In the design of parts, the influence of the mechanical analysis, structural analysis, and part processing modes should be considered, which increases the complexity of the structural form of the parts (Shi et al., 2020). It is difficult to establish a complex reflection of the geometry and part machining features. Because of the limited amount of known geometric information, calculations must be repeated to obtain more information. As a self-learning technology, deep learning can establish complex mapping relationships and high-level data features from a large amount of data. Therefore, classification models based on deep learning can effectively solve the abovementioned problems and improve the accuracy of part feature recognition.

The contributions of this study are shown in terms of the following. (1) To distinguish the convex and concave machining features of a part from the 3D model, the proposed method for finding the minimum subgraph in an AAG was studied to determine machining features. (2) The machining features were separated using the bounding box method. The remainder of this paper is organized as follows. Section 2 proposes a feature recognition method based on a three-dimensional (3D) CNN and introduces the related progress. Section 3 describes the determination of the machining feature surface of a part, and the machining features of convex and concave bodies are split in the part using an AAG and a bounding box. Section 4 introduces the part voxelization method and shows how training data are obtained using a method for drawing and scaling the part feature data. Section 5 describes how a 3D CNN can be used to recognize features, and how the effectiveness of the feature recognition method is verified using real parts. Section 6 presents the conclusions.

CNN

Related work

Deep learning is a method of machine learning based on the representation of data, which can simulate the neural structure of the human brain. The concept of deep learning comes from research on artificial neural networks. An artificial neural network (ANN) abstracts the neural network of the human brain from the perspective of information processing, establishes a simple model, and forms different networks according to different connection modes, which is referred to as neural networks. Therefore, deep learning, also known as deep neural networks, is developed from the previous ANN model of artificial neural networks. As a deep learning application technology, CNNs can automatically extract object features, eliminating manual feature extraction steps (Malhan, Kabir, Shah, & Gupta, 2019). CNNs are a type of neural network that is used for processing data with similar mesh structures. Their main feature is the use of convolution operators. A large number of local features can be extracted and mapped with interest features. Thus, they demonstrate excellent performance in many application fields (Zhang, Yang, Zhang, & Zhu, 2016). The applications of CNNs extend from 2 to 3D models. They have been widely used in object detection and vision research with 3D object models (Gong, Zhong, Yu, Hu, & Li, 2019). A 3D model is usually expressed by an irregular polygon mesh or a point cloud, and the representation rules are more complex than those of a 2D model. Every pixel in a 2D image is represented by a position coordinate and color value. It is difficult for the polygon mesh or point cloud to describe the internal features. Thus, only the external shape can be expressed.

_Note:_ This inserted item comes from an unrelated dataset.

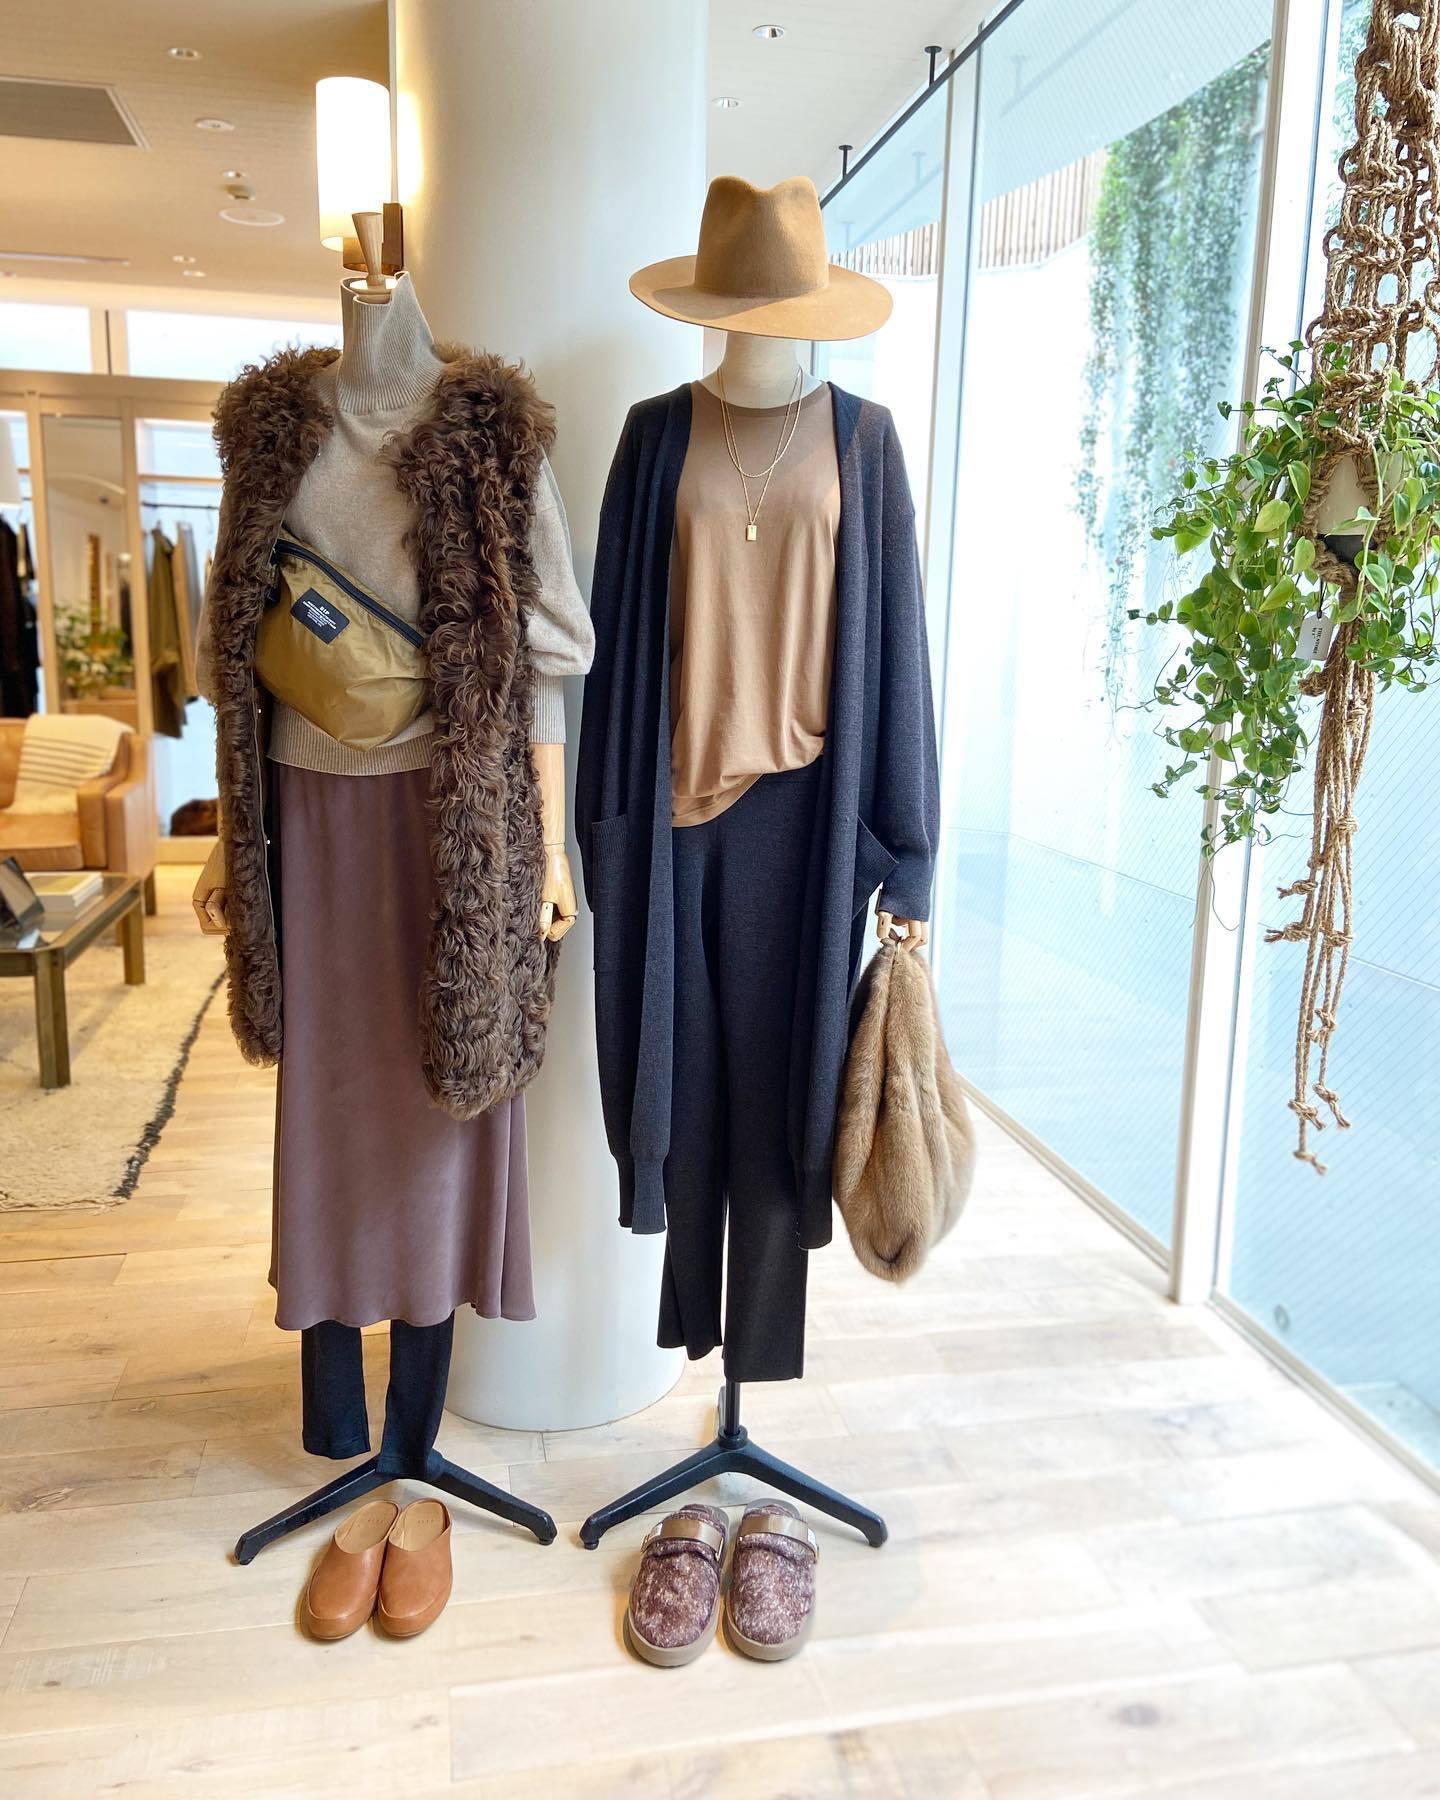 秋冬ファッションが楽しみ♪上質素材&おしゃれ感たっぷりなリラックススタイル_1_1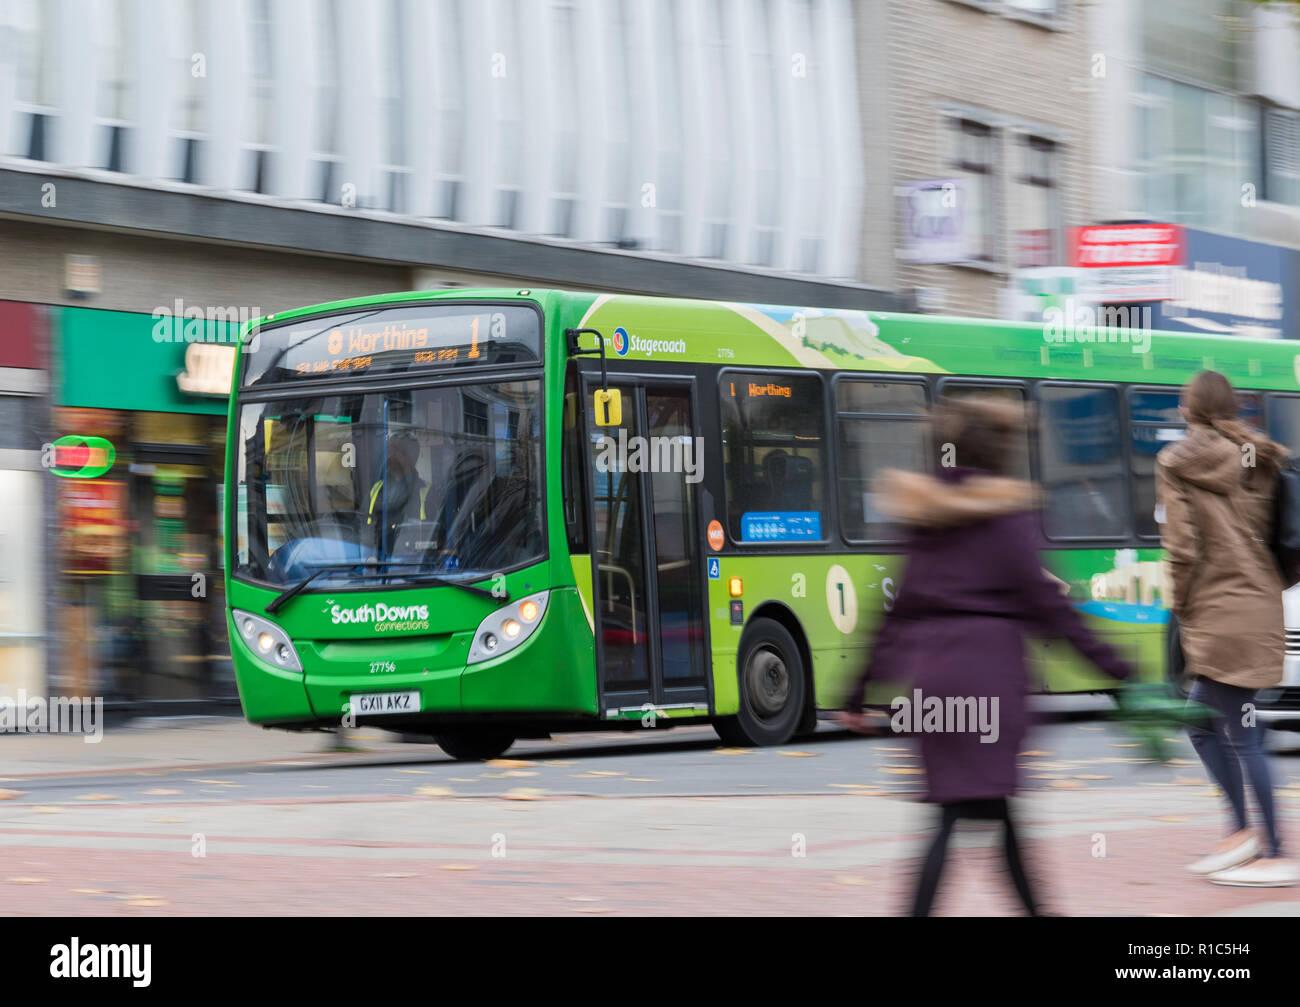 Stagecoach South Downs conexiones de bus número 1 de color verde con el desenfoque de movimiento en una concurrida calle alta en Worthing, West Sussex, Inglaterra, Reino Unido. Concepto de viaje. Imagen De Stock

A voxel (Zhao, Zhang, Zhu, You, Kuang, & Sun, 2019) is the smallest unit of digital data in 3D space segmentation. Wu, Song, Khosla, Yu, Zhang and Tang (2019) proposed a 3D ShapeNet. Through a simple five-layer convolution network, they input 303 resolution voxel data, with 150,000 3D models divided into 660 categories. Although 3D ShapeNet has a simple structure and low accuracy, many researchers have begun to pay attention to it.

Since then, Maturana and Scherer (2015) used Voxnet to analyze the binary voxel mesh. In contrast to 3D ShapeNet, VoxNet can process different 3D data, including polygon mesh data, depth maps, RGB-D, and point clouds. However, when the resolution of the processed data is improved, the computational overhead will increase, and the low-resolution model recognition and classification accuracy is not very high. However, more importantly, these studies fully proved that CNNs can extract the 3D structural features of an object just as they can process 2D data, which further expands the application scope of CNNs. Based on this, in subsequent research, CNN learning was applied to more forms of 3D data.

3D CNN

CNNs are the first successful deep learning algorithms to train multilayer network structures, which are widely employed to solve the problem of learning and extracting deep features from image data. Their basic concept involves adopting the local receptive field of an image as the input of the network, transmitting the information to different layers, and obtaining the significant features of invariance through a digital filter for translation, rotation, and scale transformation. Weight sharing and pooling can significantly reduce the number of model parameters; therefore, a 2D CNN method for extracting deep image features can be extended to become a 3D method, which can be used to extract effective 3D data features. Figure 1 shows a CNN structure consisting of the input, four convolutional layers, two fully connected layers, and the output. The convolution and pooling layers are combined to extract a large number of features layer-by-layer, and the classification is completed in the fully connected layer.

Fig. 1
figure 1

Structure of 3D CNN

The 2D CNN performs a 2D convolution operation on an image and outputs a 2D image. The 3D CNN performs 3D convolution on 3D data and outputs 3D data. 3D convolution is the stacking multiple consecutive frames to form a cube, and then using the 3D convolution kernel in the cube. As shown in Fig. 2, H, W, and L represent the 3D height, width, and length, respectively. The size of the convolution core is \(k \times k \times d\)(\(d < L\)).

Fig. 2
figure 2

Diagram of 3D convolution

Here, \(x^{l} \in R^{{H^{l} \times W^{l} \times L^{l} }}\) represents the input layer of the CNN, and \(\left( {i^{l} ,j^{l} ,k^{l} } \right)\) represents the \(i^{l}\) th row, \(j^{l}\) th column, and \(k^{l}\) th layer in layer l. The ranges of these values are \(0 \le i^{l} \le H^{l}\), \(0 \le j^{l} \le W^{l}\), and \(0 \le k^{l} \le L^{l}\), respectively. In addition, y is a short description of the convolution result of layer 1 as \(x^{l + 1}\), that is, \(y = x^{l + 1} \in R^{{H^{l} \times W^{l} \times L^{l} }}\).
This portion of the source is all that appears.